三屯营的地理位置不可谓不好,只可惜大周军居然让一帮京营来守三屯营,若是换了蓟镇军来守的话,宰赛是没有这个胆量来攻打的。
城中的粮食草料除了运走的一部分外,大部分已经在这段时间里被消耗得差不多了,是到了必须要北返的时候了。

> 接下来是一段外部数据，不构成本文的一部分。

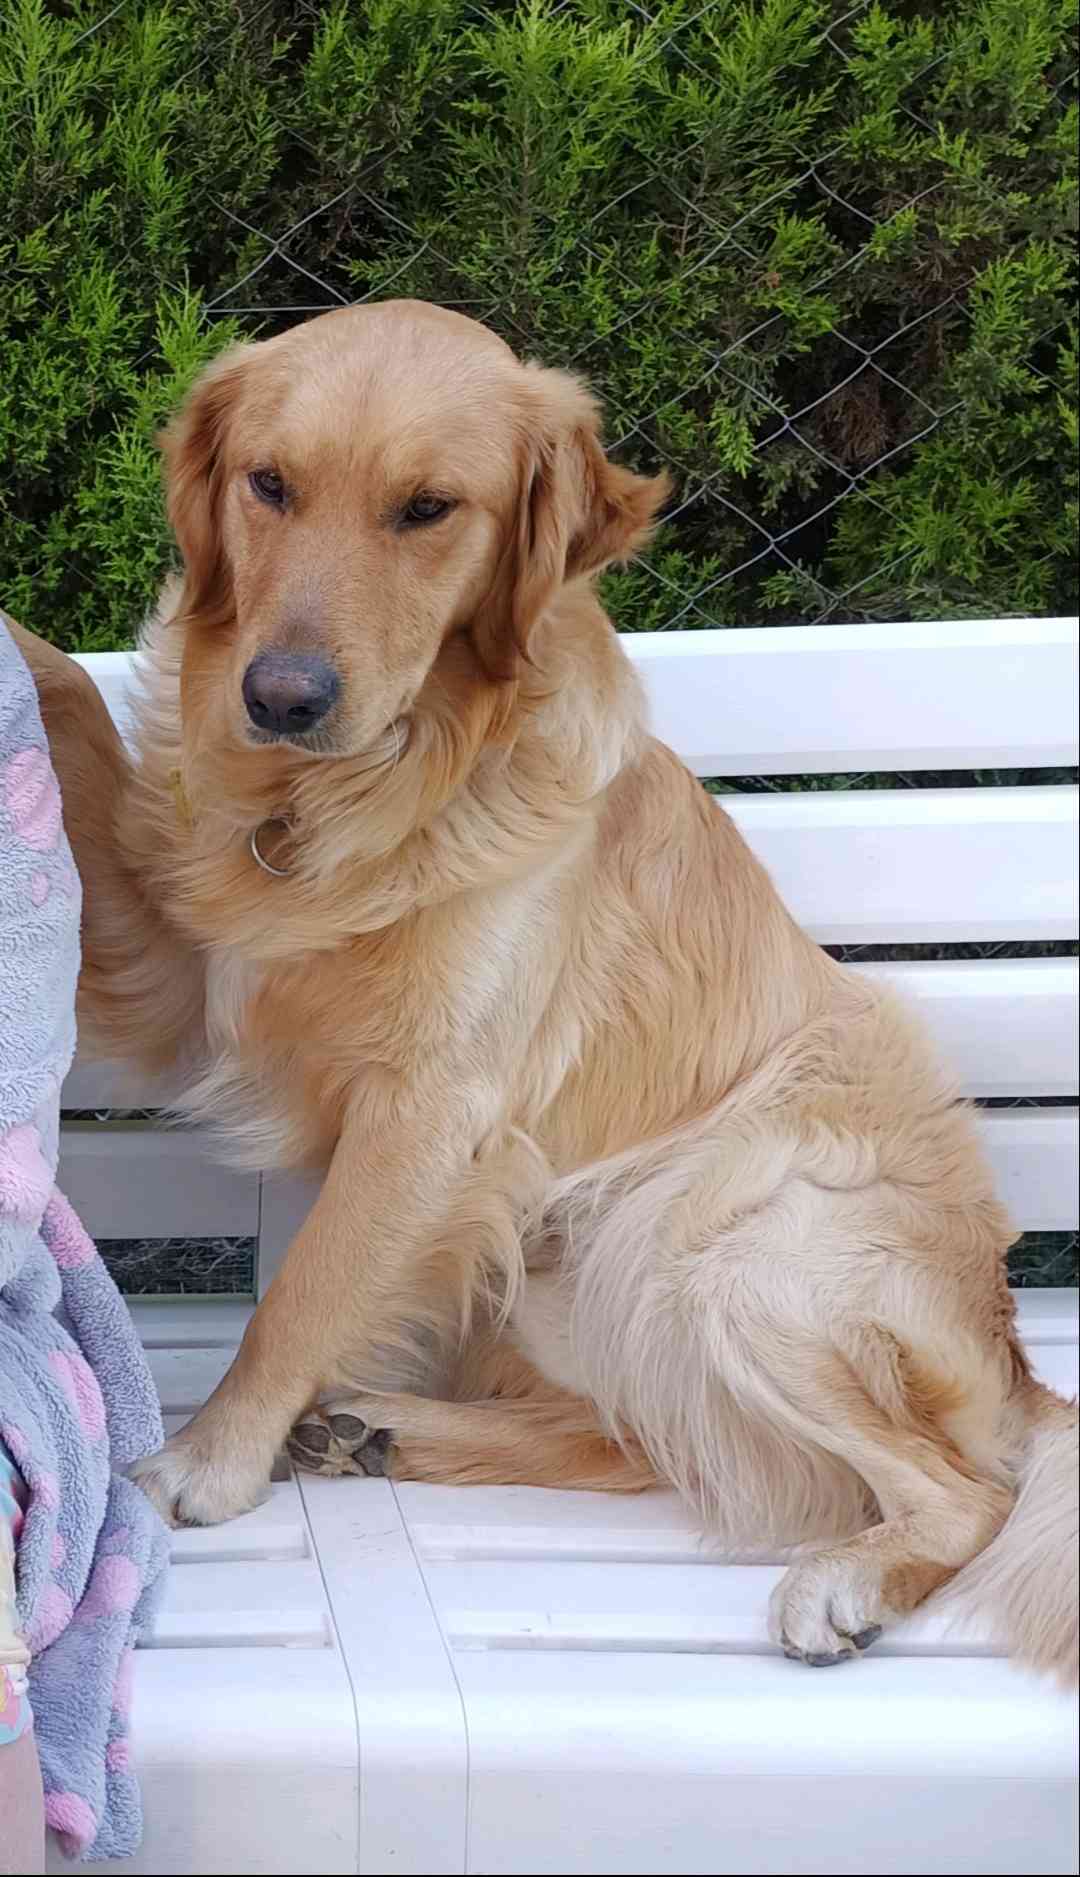 Manisa Akhisar'da golden cinsi köpeğim kayboldu

科尔沁人南下掳掠他视而不见,实际上也算得上是一种变相的逼迫对方。
宰赛宁肯回草原后多支付一些其他财货,也不可能在这个时候把粮草交给对方,这样迫使洪果尔只能命令麾下南下掳掠,缓解粮草压力。
随着时日迁延,许多汉人也不得不开始从山区出来返回家乡,这也给科尔沁人了一些机会。
这样也好,宰赛本来就对大周这边迟缓的动作十分不满意,现在有机会让科尔沁人南下去袭扰一番,也算是给大周一个警告,也是给姓冯的一个提醒。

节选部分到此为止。